The Daily Escape:
The Kimberley, Western Australia
Anything happen while Wrongo was away? Seems like it was pretty much business as usual: Trump takes away Brennan’s security clearance, Manafort’s case goes to the jury, bridge disaster in Italy, and Turkey’s currency fell again.
But, on Wednesday, Sen. Elizabeth Warren (D-MA) introduced the “Accountable Capitalism Act” in the Senate. She then set out her logic in a Wall Street Journal op-ed, which drew the usual Neanderthal responses from America’s capitalists.
Warren notes that as recently as the early 1980s, conservative groups acknowledged that corporations were responsible to employees and communities, as well as to shareholders. This is a good time to mention that there is no legal obligation to “maximize shareholder value”. The Supreme Court has never made a decision on it, nor has Delaware, the state where most large companies are incorporated.
Warren, from her bill:
But in the 1980s, corporations adopted the belief that their only legitimate and legal purpose was “maximizing shareholder value.” By 1997, the Business Roundtable declared that the “principal objective of a business enterprise is to generate economic returns to its owners”.
More from the bill:
This shift is a root cause of many of America’s fundamental economic problems. In the early 1980s, America’s biggest companies dedicated less than half of their profits to shareholders and reinvested the rest in the company. But over the last decade, big American companies have dedicated 93% of their earnings to shareholders.
Warren’s point is that corporations have special privileges under our laws. Those privileges should warrant that corporations also have special responsibilities.
That’s not a completely new idea, it was the point of the New Deal regulations. FDR wasn’t an economic revolutionary – he was a member of the elite who saw plenty of room in America for himself and his friends. He understood that the pure capitalism of his time would destroy both the elites and the country if it didn’t change.
So FDR saved capitalism by making it more equitable and less predatory. His plan worked until the 1980’s. But now, the Republicans want to take us back to the 1920s.
Capitalism again needs to be changed/saved, and Warren is taking a small step to do just that. She wants to significantly transform shareholder rights to force corporations to have the social responsibility that comes with personhood, as well as the personhood rights already generously provided to them by the Supreme Court. More from Warren:
My bill also would give workers a stronger voice in corporate decision-making at large companies. Employees would elect at least 40% of directors. At least 75% of directors and shareholders would need to approve before a corporation could make any political expenditures. To address self-serving financial incentives in corporate management, directors and officers would not be allowed to sell company shares within five years of receiving them—or within three years of a company stock buyback.

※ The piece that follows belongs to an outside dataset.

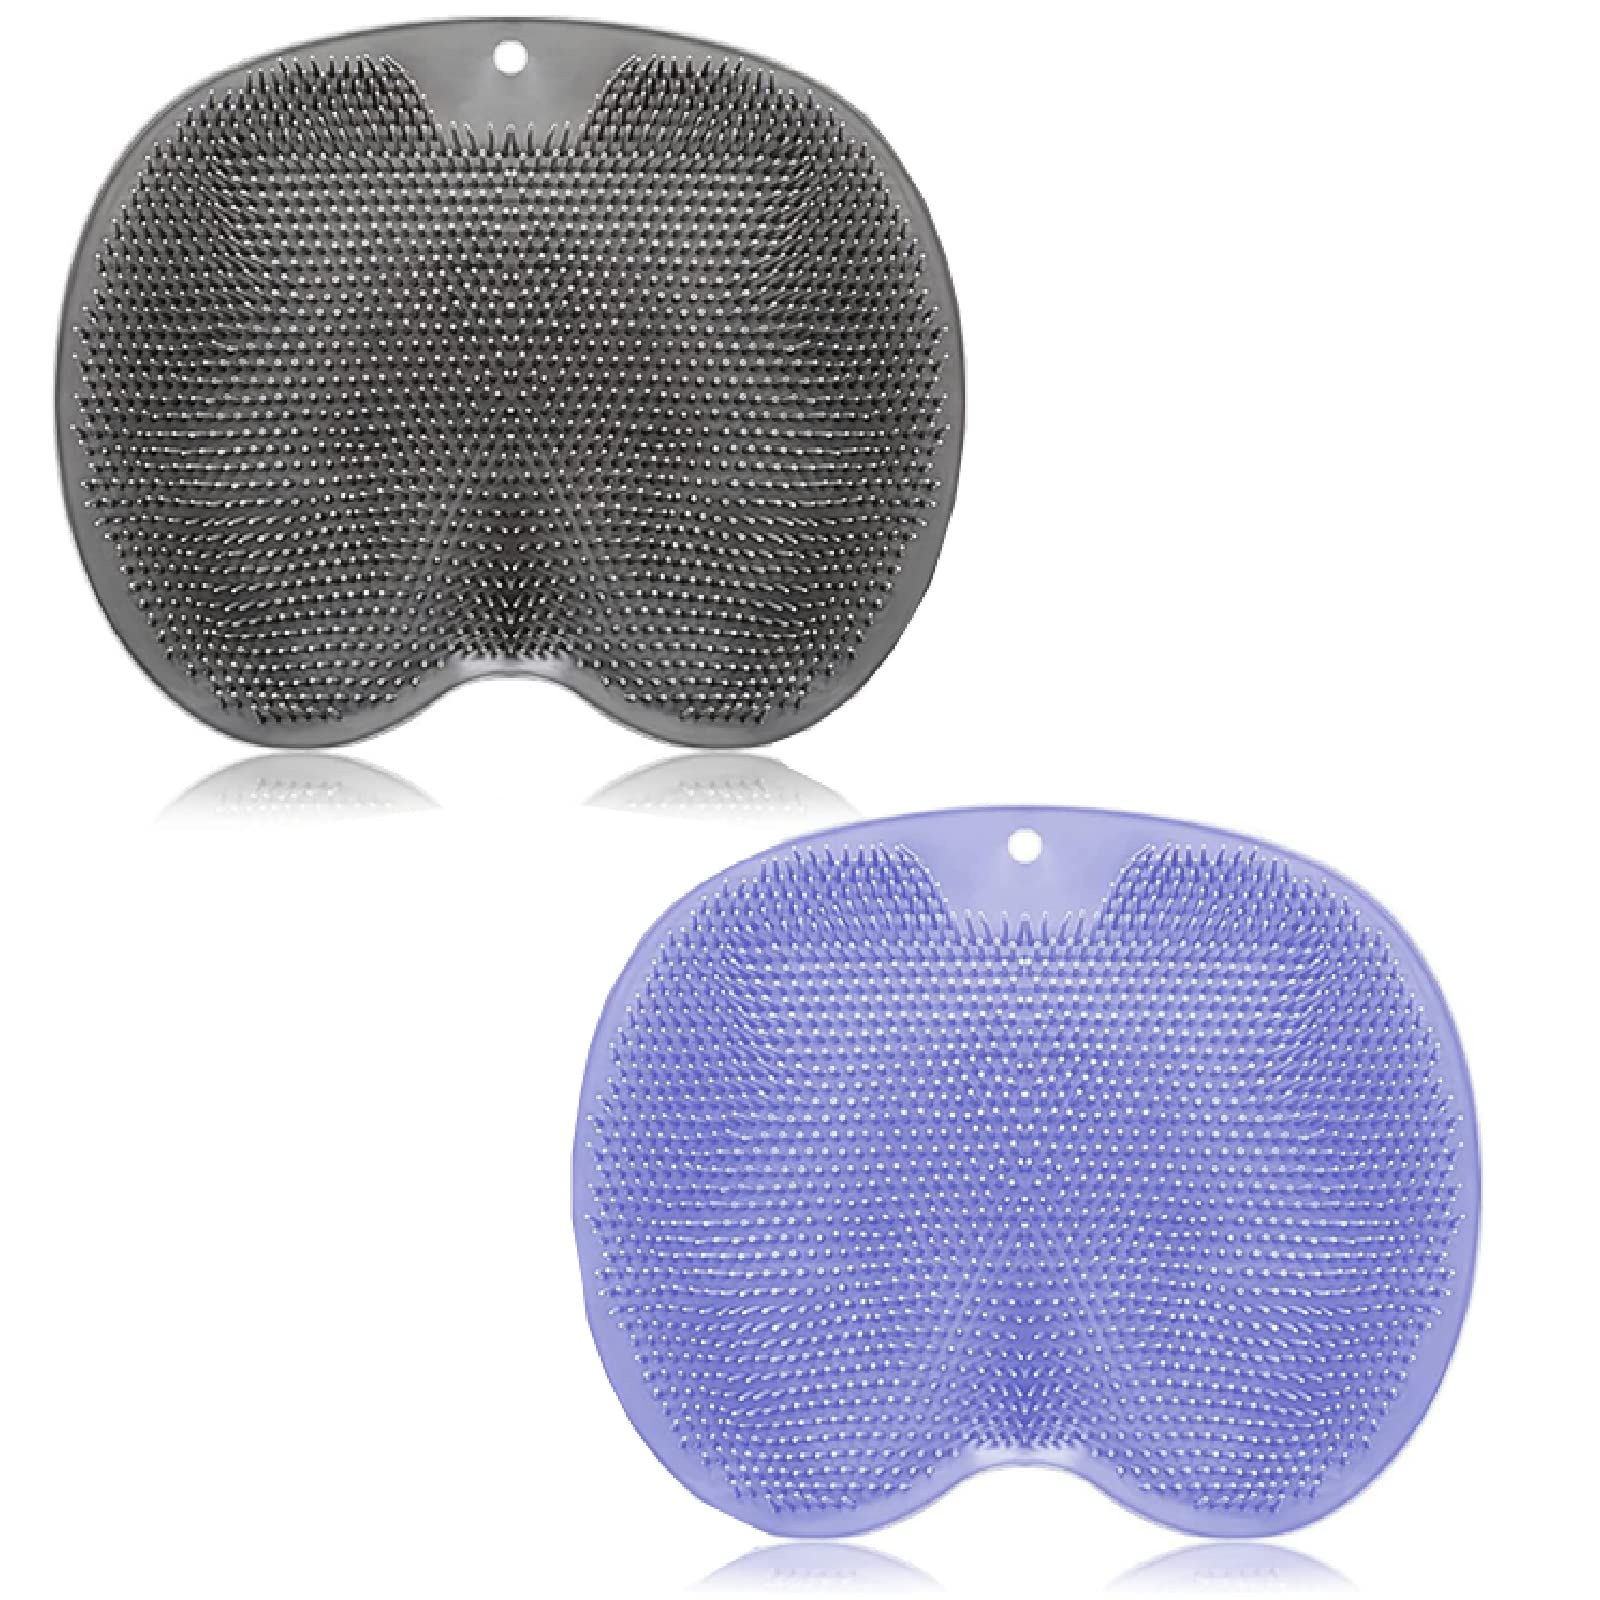 2 Pieces Shower Foot Scrubber Mat Hands Free Back Scrubber for Shower Wall Mounted Bath Massage Pad Back Scrubber Back with Non Slip Suction Cups Foot Cleaner for Men Women (Gray, Blue)

Warren knows that Corporate America is in love with share buy-backs. Warren seems to accept William Lazonick’s observation that:
…since the mid-1980s net equity issues for non- financial corporations have been generally negative, and since the mid-2000s massively negative.
In the modern era of CEO-kings, owners take more money out of corporations in the form of buybacks and dividends than they put in via new investments.
Even if her bill goes nowhere, Warren is educating those who believe that “maximizing shareholder value” is enshrined in civil law. Warren, along with a few progressives, continue to set much of the agenda for whoever wins the 2020 Democratic nomination.
OK, time to cruise into the weekend, wearing your flip flops. Time to shut out Omorosa and Trump.
Time for your Saturday Soother. Let’s start by brewing up a strong cup of Motozintla Caiaphas Mexico coffee ($14/12 oz.) from Patria Coffee in Compton CA. There is a feel-good story about the brewer, Geoffrey Martinez, here.
Now, settle back in an air-conditioned room and remember Aretha Franklin. Wrongo is reminded of the Steely Dan lyric from 1980: “Hey nineteen, that’s ‘Retha Franklin, She don’t remember the Queen of Soul.” The singer laments that his too-young girl friend has no idea who Aretha is. Well, everyone knows who she is today.
Aretha was many things, but few know that she occasionally performed opera. Here is Aretha at the Grammys in 1998, filling in for Luciano Pavarotti at the last minute when he was sick, and singing “Nessun Dorma”. She clearly doesn’t have the breath control of true opera singers, but it’s still a riveting performance.